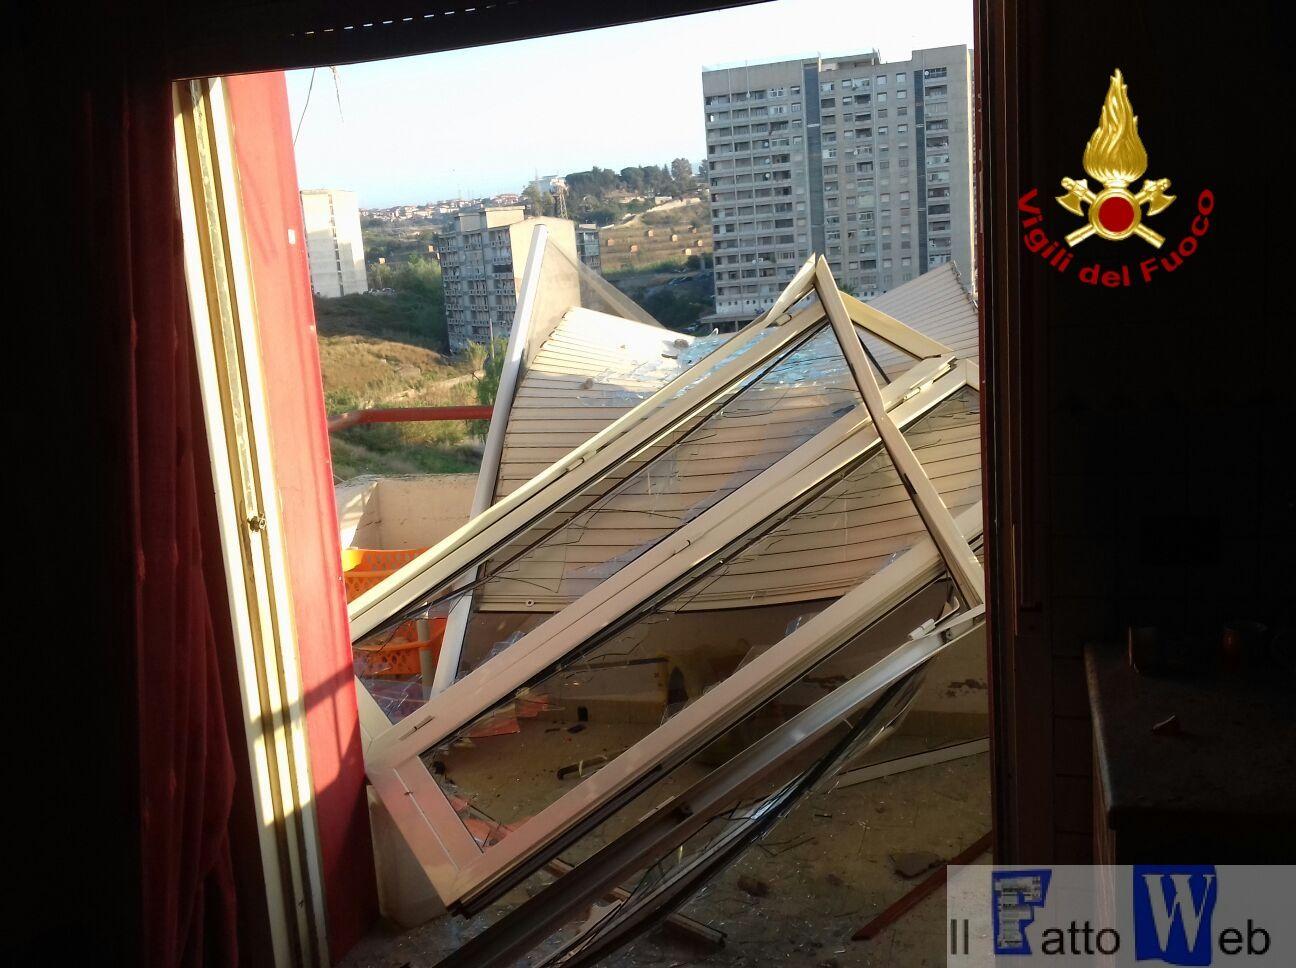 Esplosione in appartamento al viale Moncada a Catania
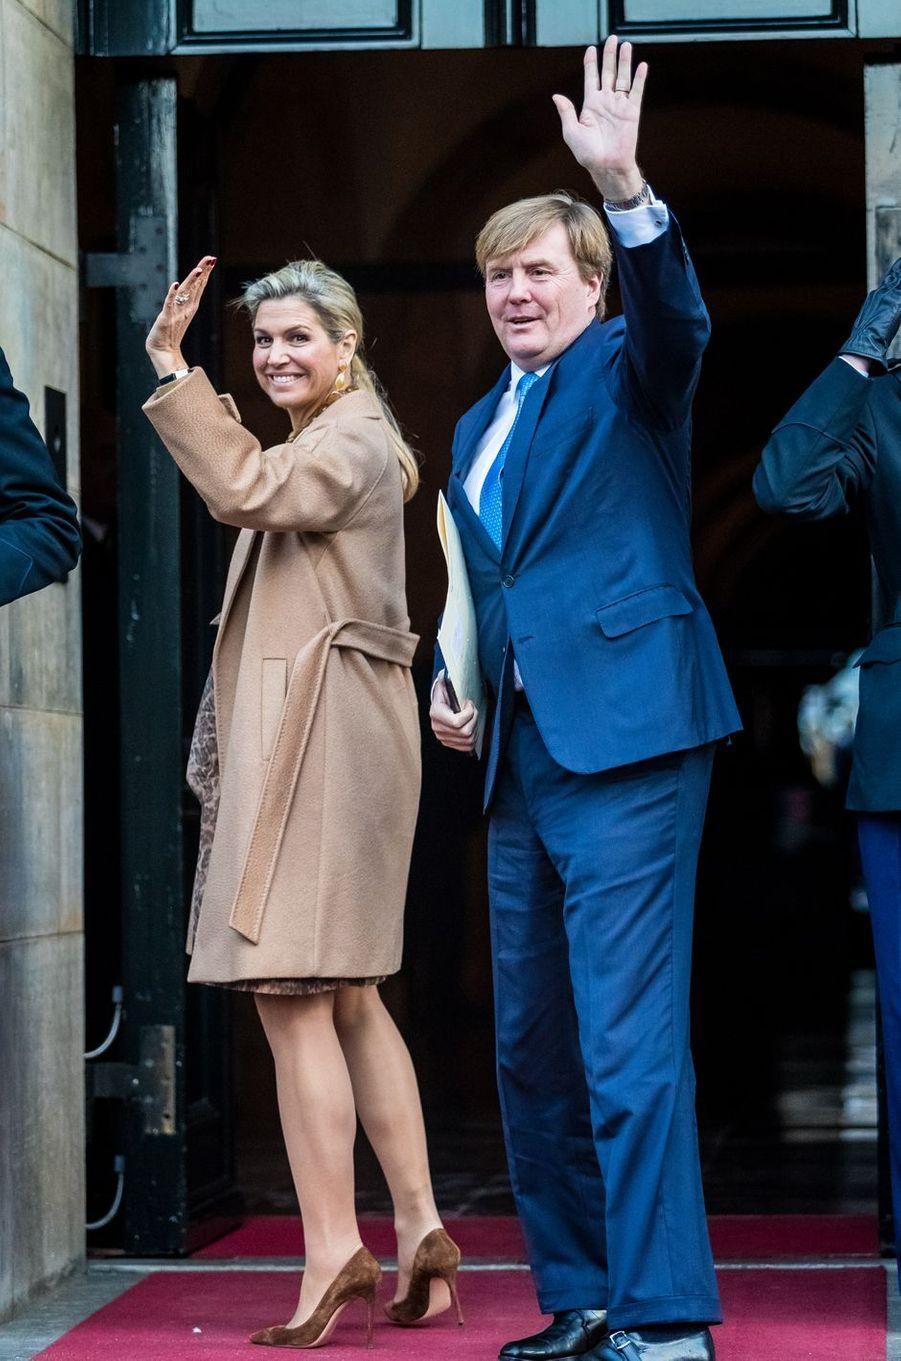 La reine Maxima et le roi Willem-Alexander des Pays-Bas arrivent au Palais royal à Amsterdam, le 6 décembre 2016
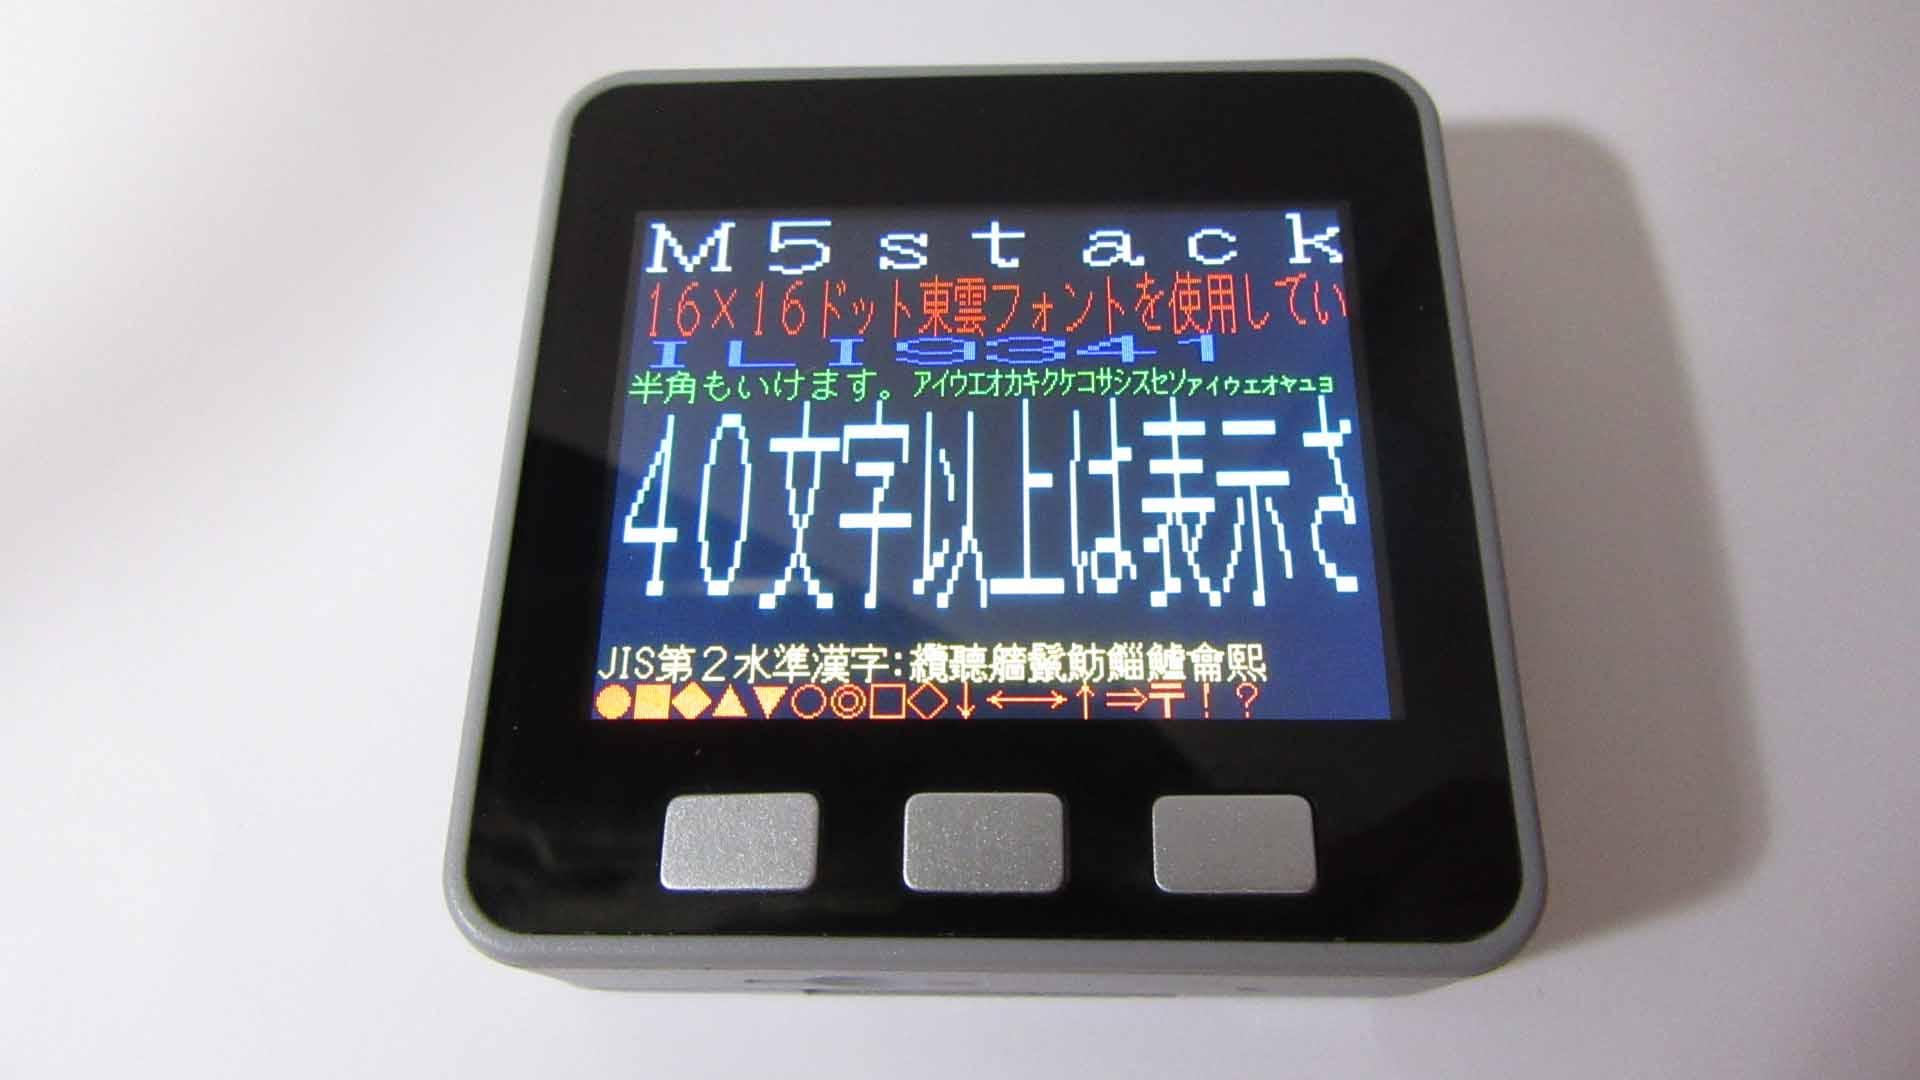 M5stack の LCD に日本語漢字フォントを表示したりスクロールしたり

_Your goal_
Quote, please, only the lines running from the one with "La reine Maxima" down to the final line of the data above, keeping both ends and skipping the pictures.

_Response for this exercise_
 La reine Maxima et le roi Willem-Alexander des Pays-Bas arrivent au Palais royal à Amsterdam, le 6 décembre 2016
 M5stack の LCD に日本語漢字フォントを表示したりスクロールしたり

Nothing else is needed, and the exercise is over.